We assessed the effects of left dorsolateral prefrontal cortex transcranial direct current stimulation (DLPF-tDCS) on Coma Recovery Scale-Revised (CRS-R) scores in severely brain-damaged patients with disorders of consciousness.
In a double-blind sham-controlled crossover design, anodal and sham tDCS were delivered in randomized order over the left DLPF cortex for 20 minutes in patients in a vegetative state/unresponsive wakefulness syndrome (VS/UWS) or in a minimally conscious state (MCS) assessed at least 1 week after acute traumatic or nontraumatic insult. Clinical assessments were performed using the CRS-R directly before and after anodal and sham tDCS stimulation. Follow-up outcome data were acquired 12 months after inclusion using the Glasgow Outcome Scale-Extended.

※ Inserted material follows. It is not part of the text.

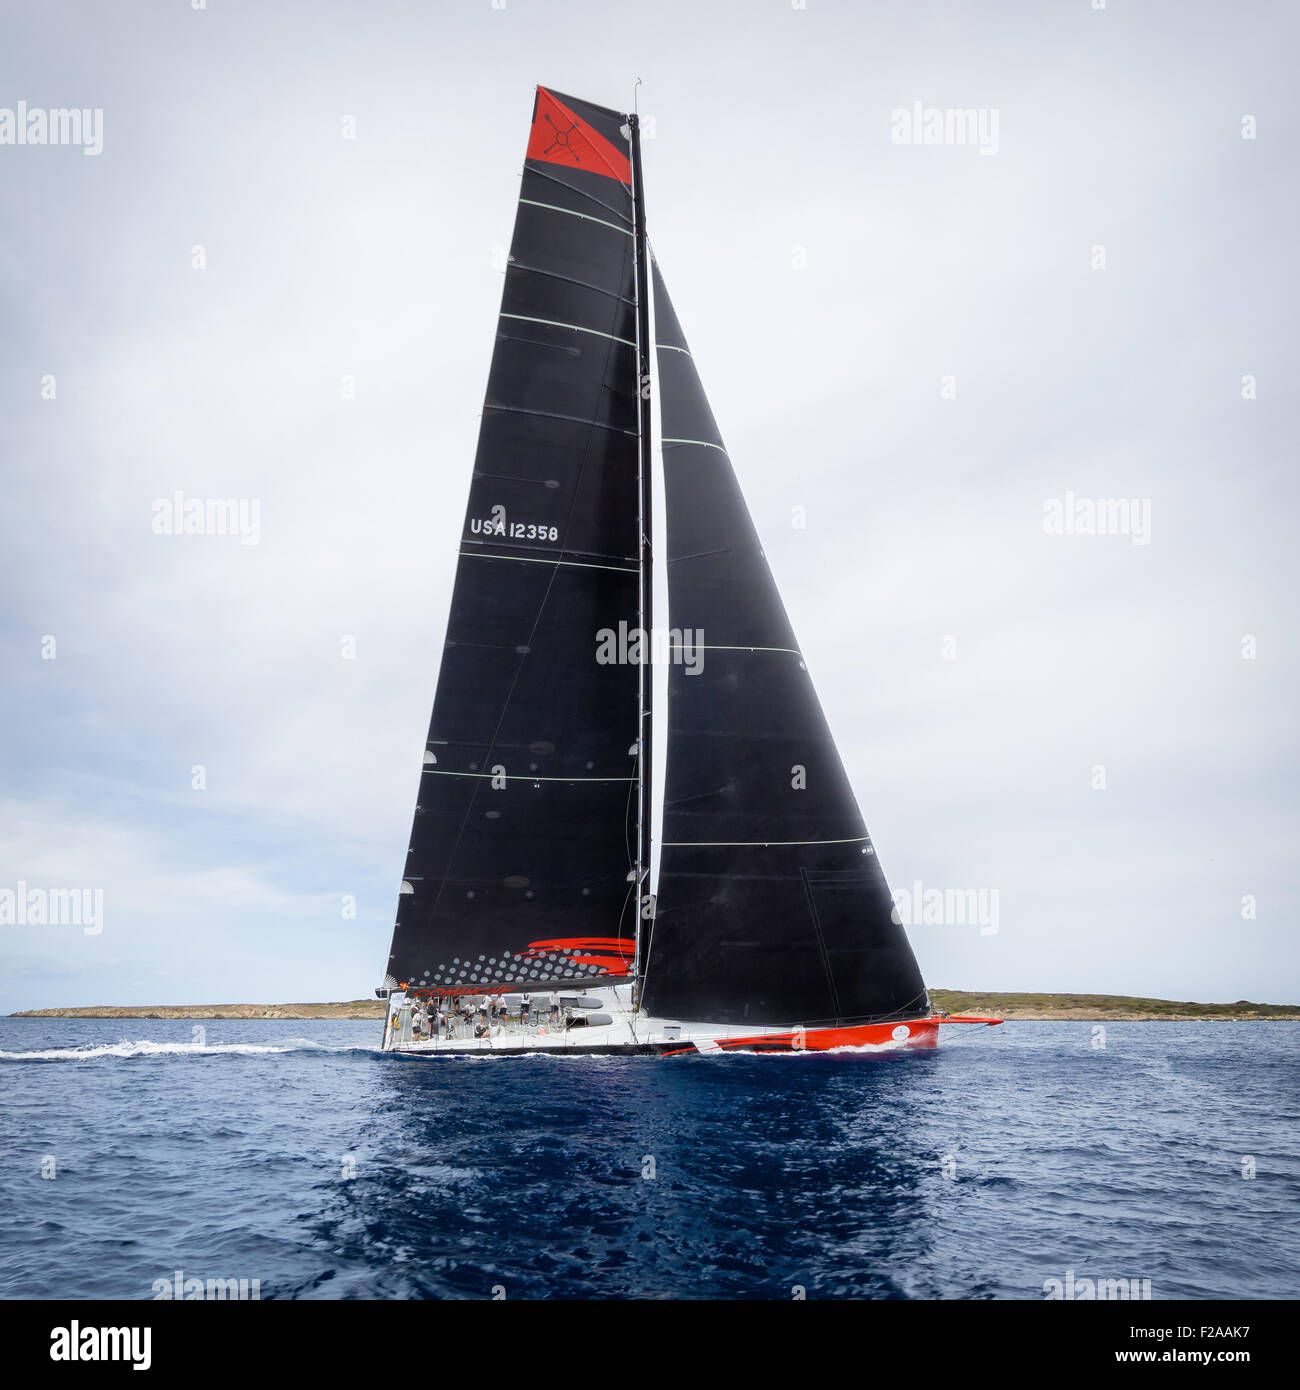 Maxi Yacht Rolex Cup 2015 sail boat race. Porto Cervo, Sardinia, Italy Stock Photo

Patients in MCS (n = 30; interval 43 ± 63 mo; 19 traumatic, 11 nontraumatic) showed a significant treatment effect (p = 0.003) as measured by CRS-R total scores. In patients with VS/UWS (n = 25; interval 24 ± 48 mo; 6 traumatic, 19 nontraumatic), no treatment effect was observed (p = 0.952). Thirteen (43%) patients in MCS and 2 (8%) patients in VS/UWS further showed postanodal tDCS-related signs of consciousness, which were observed neither during the pre-tDCS evaluation nor during the pre- or post-sham evaluation (i.e., tDCS responders). Outcome did not differ between tDCS responders and nonresponders.
tDCS over left DLPF cortex may transiently improve signs of consciousness in MCS following severe brain damage as measured by changes in CRS-R total scores.
This study provides Class II evidence that short-duration tDCS of the left DLPF cortex transiently improves consciousness as measured by CRS-R assessment in patients with MCS.
我们评估了左背外侧前额叶皮层经颅直流电刺激(DLPF-tDCS)对意识障碍的严重脑损伤患者昏迷恢复量表修订版(CRS-R)评分的影响。
在一项双盲假对照交叉设计中,在植物状态/无反应觉醒综合征(VS/UWS)或最小意识状态(MCS)患者中,以随机顺序给予左侧 DLPF 皮层的阳极和假 tDCS,时间为 20 分钟,这些患者在急性创伤性或非创伤性损伤后至少 1 周进行了评估。在阳极和假 tDCS 刺激前后直接进行临床评估,使用 CRS-R 进行评估。在纳入后 12 个月使用格拉斯哥结局量表-扩展获得随访结果数据。
MCS 患者(n=30;间隔 43±63 个月;19 例创伤性,11 例非创伤性)的 CRS-R 总分显示出显著的治疗效果(p=0.003)。VS/UWS 患者(n=25;间隔 24±48 个月;6 例创伤性,19 例非创伤性)中未观察到治疗效果(p=0.952)。13(43%)例 MCS 患者和 2(8%)例 VS/UWS 患者在接受阳极 tDCS 后出现与意识相关的迹象,这些迹象既不在预 tDCS 评估期间,也不在预 sham 评估或 post-sham 评估期间观察到(即 tDCS 反应者)。反应者和非反应者的结果没有差异。
左背外侧前额叶皮层的 tDCS 可能会短暂地改善严重脑损伤后 MCS 的意识状态,如 CRS-R 总分的变化所示。
这项研究提供了 II 级证据,表明左背外侧前额叶皮层的短时间 tDCS 可通过 CRS-R 评估改善 MCS 患者的意识。